Maybe Iain M. Banks' Culture series, if you're not familiar with his work already. The books are generally standalobe stories, but there are some recurring side characters and references to earlier books. Consider Phlebas is the first one I think.

[-] lagoon8622@sh.itjust.works 4 points 1 week ago

I'm just starting this series now. Looking forward to it

[-] RipLemmDotEE@lemmy.today 3 points 1 week ago

They are absolutely amazing books.

[-] NeryK@sh.itjust.works 12 points 1 week ago

I suggest the Commonwealth's saga by Peter F. Hamilton (Pandora's star, Judas unchained).

[-] Psaldorn@lemmy.world 3 points 1 week ago

Great books, I recently re-read and they don't stand up as well as I remember, some characters in particular, but still good.

[-] Thteven@lemmy.world 1 points 1 week ago

The Nights Dawn series is good too. Love his stuff.

[-] Pencilnoob@lemmy.world 8 points 1 week ago

Simmons' books "Illum" and "Odessey" are pretty great and feel like the same universe

[-] _stranger_@lemmy.world 3 points 1 week ago

I second these if you want more Simmons.

[-] lagoon8622@sh.itjust.works 7 points 1 week ago* (last edited 1 week ago)
  • Octavia Butler
  • Ursula K Le Guin

E: Markdown

[-] tal@lemmy.today 7 points 1 week ago

I didn't really like the Hyperion series much myself, but both Dune and Hyperion are sci-fi with religious elements. Maybe A Canticle for Leibowitz.

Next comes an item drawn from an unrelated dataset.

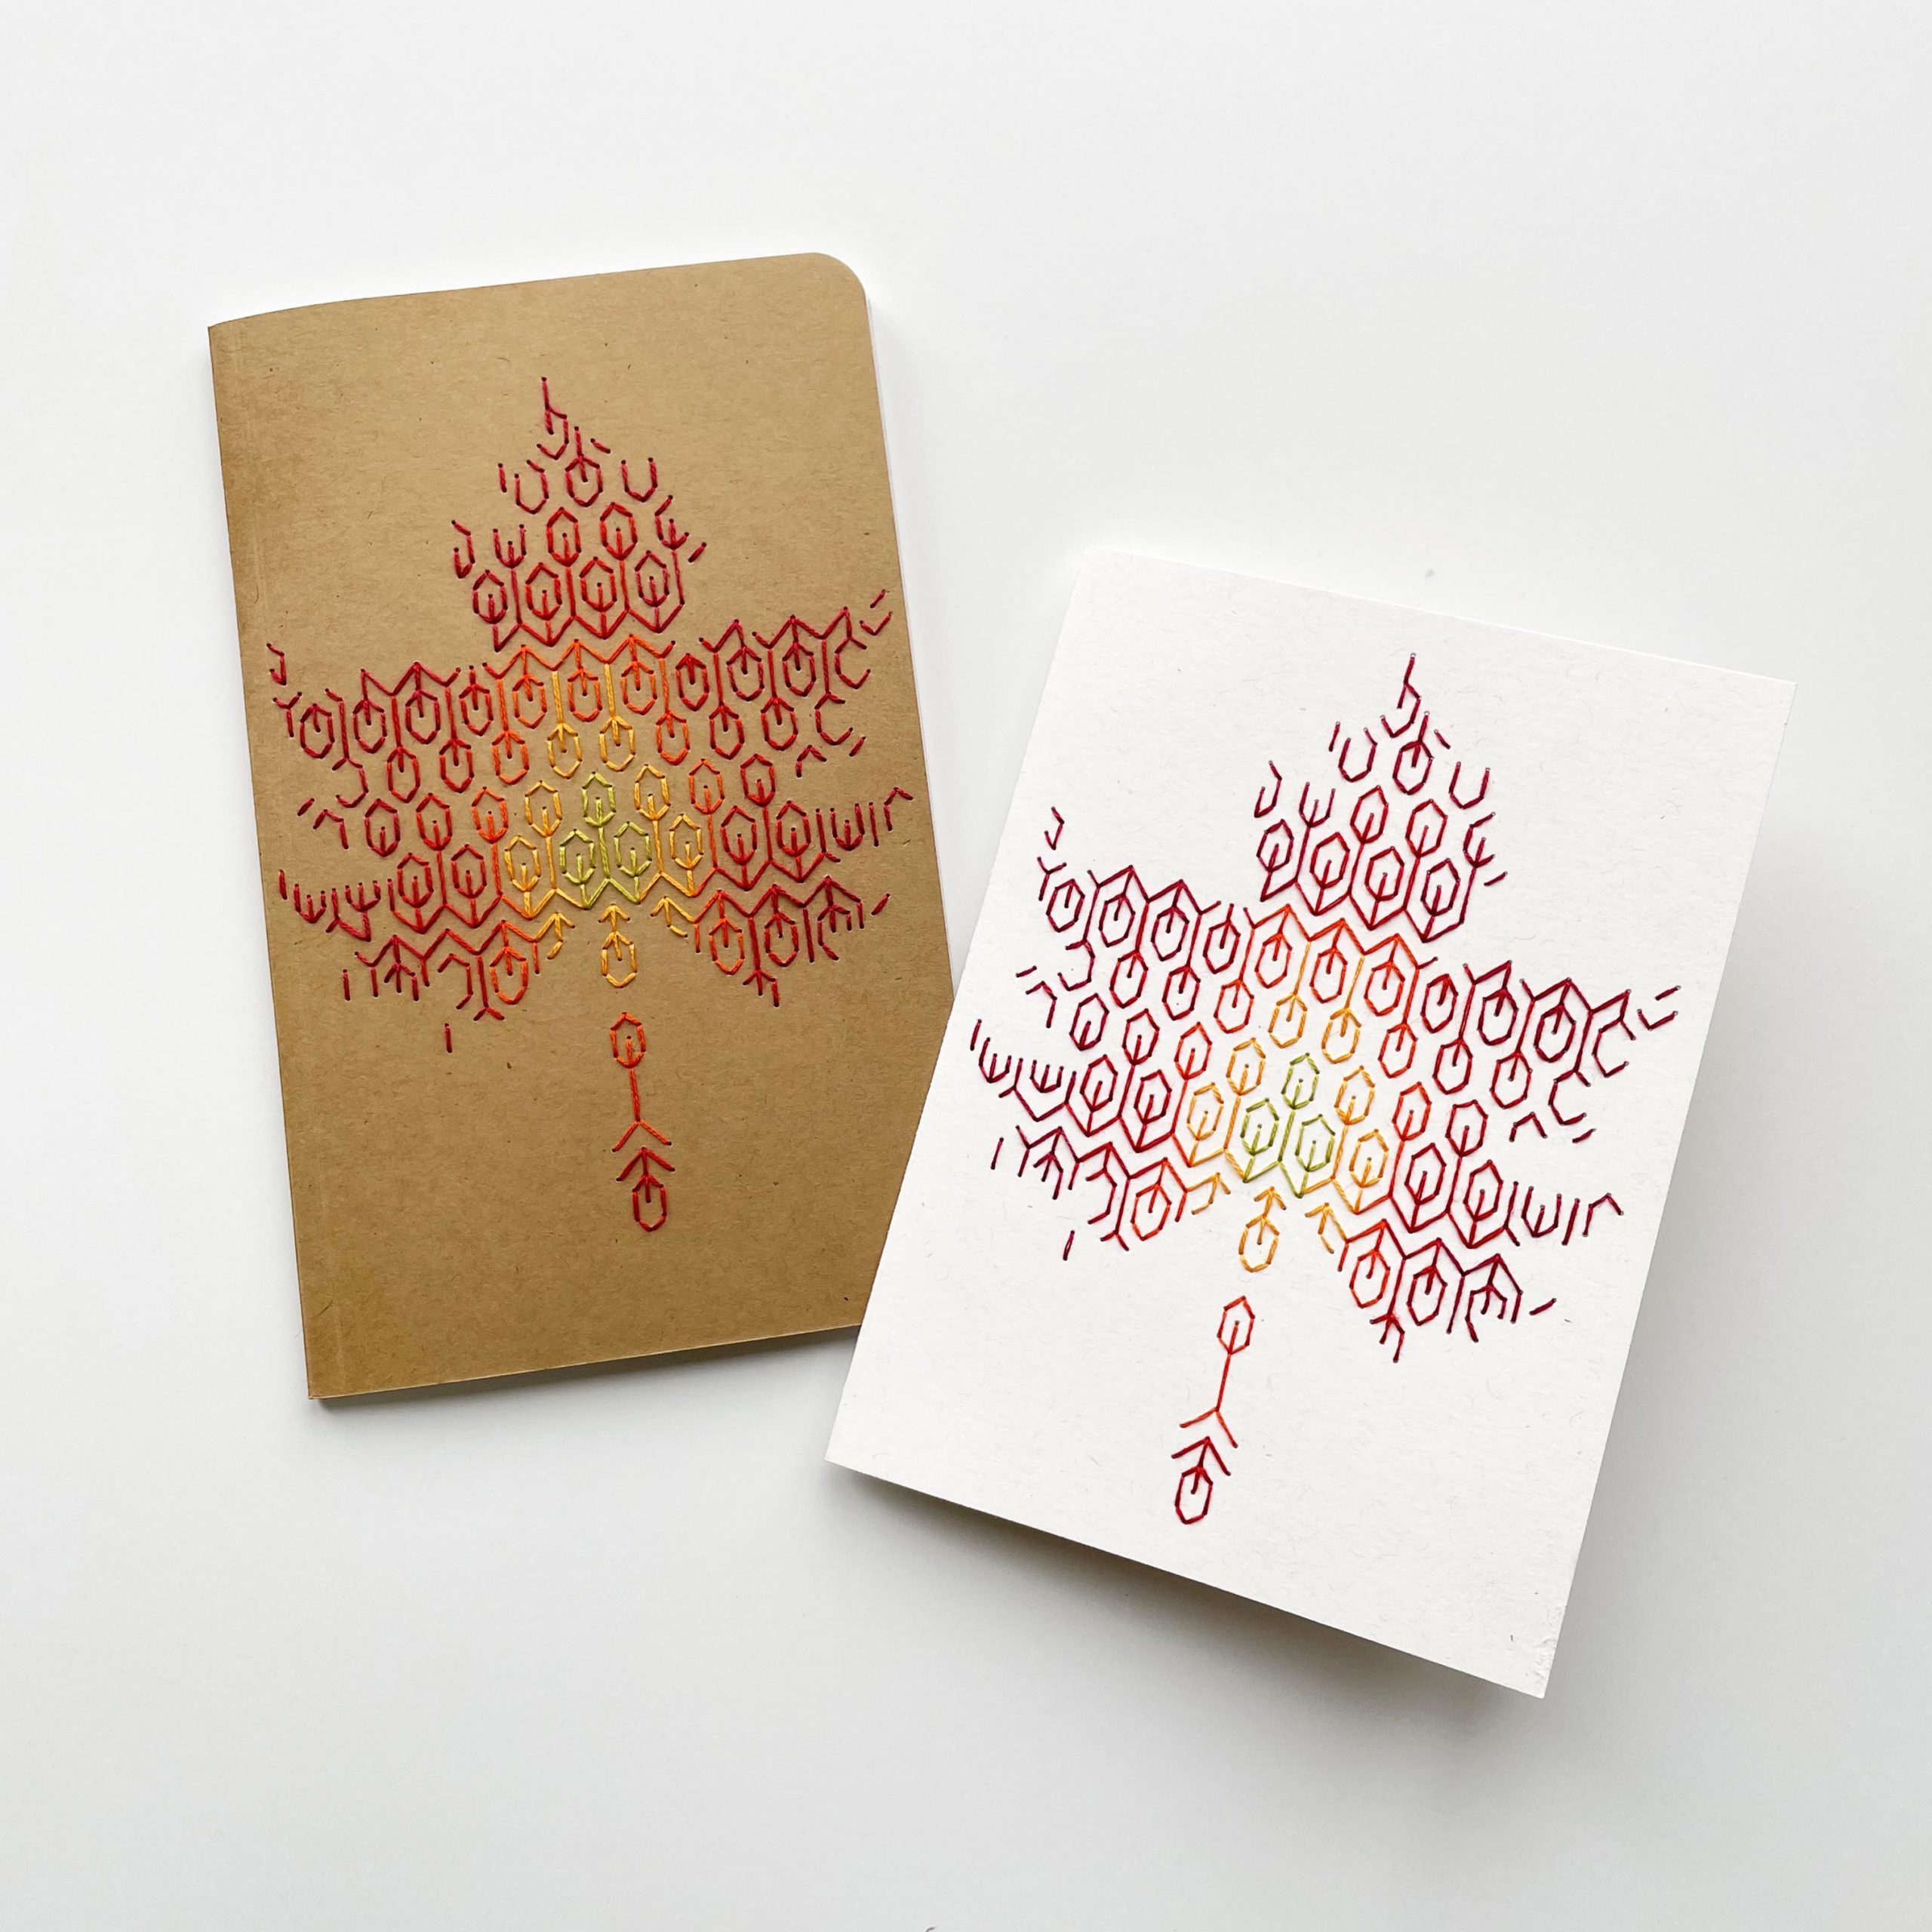 Fall Foliage paper embroidery pattern by Mayuka Fiber Art - Maydel

[-] johncritzman@lemmy.world 3 points 1 week ago

I loved Canticle. I recommend it to everyone

[-] jacksilver@lemmy.world 1 points 1 week ago

Similar in nature, but a bit more space focused would be the Foundation Series. It's a series by Issac Asimov where a mathematician sets up a planet to try to speed up a galactic dark age due to an empire collapsing.

Apple TV has a series on it, but it actually focuses on what happens leading up to the main story of the first book.

[-] baldingpudenda@lemmy.world 7 points 1 week ago

Blindsight by Peter watts.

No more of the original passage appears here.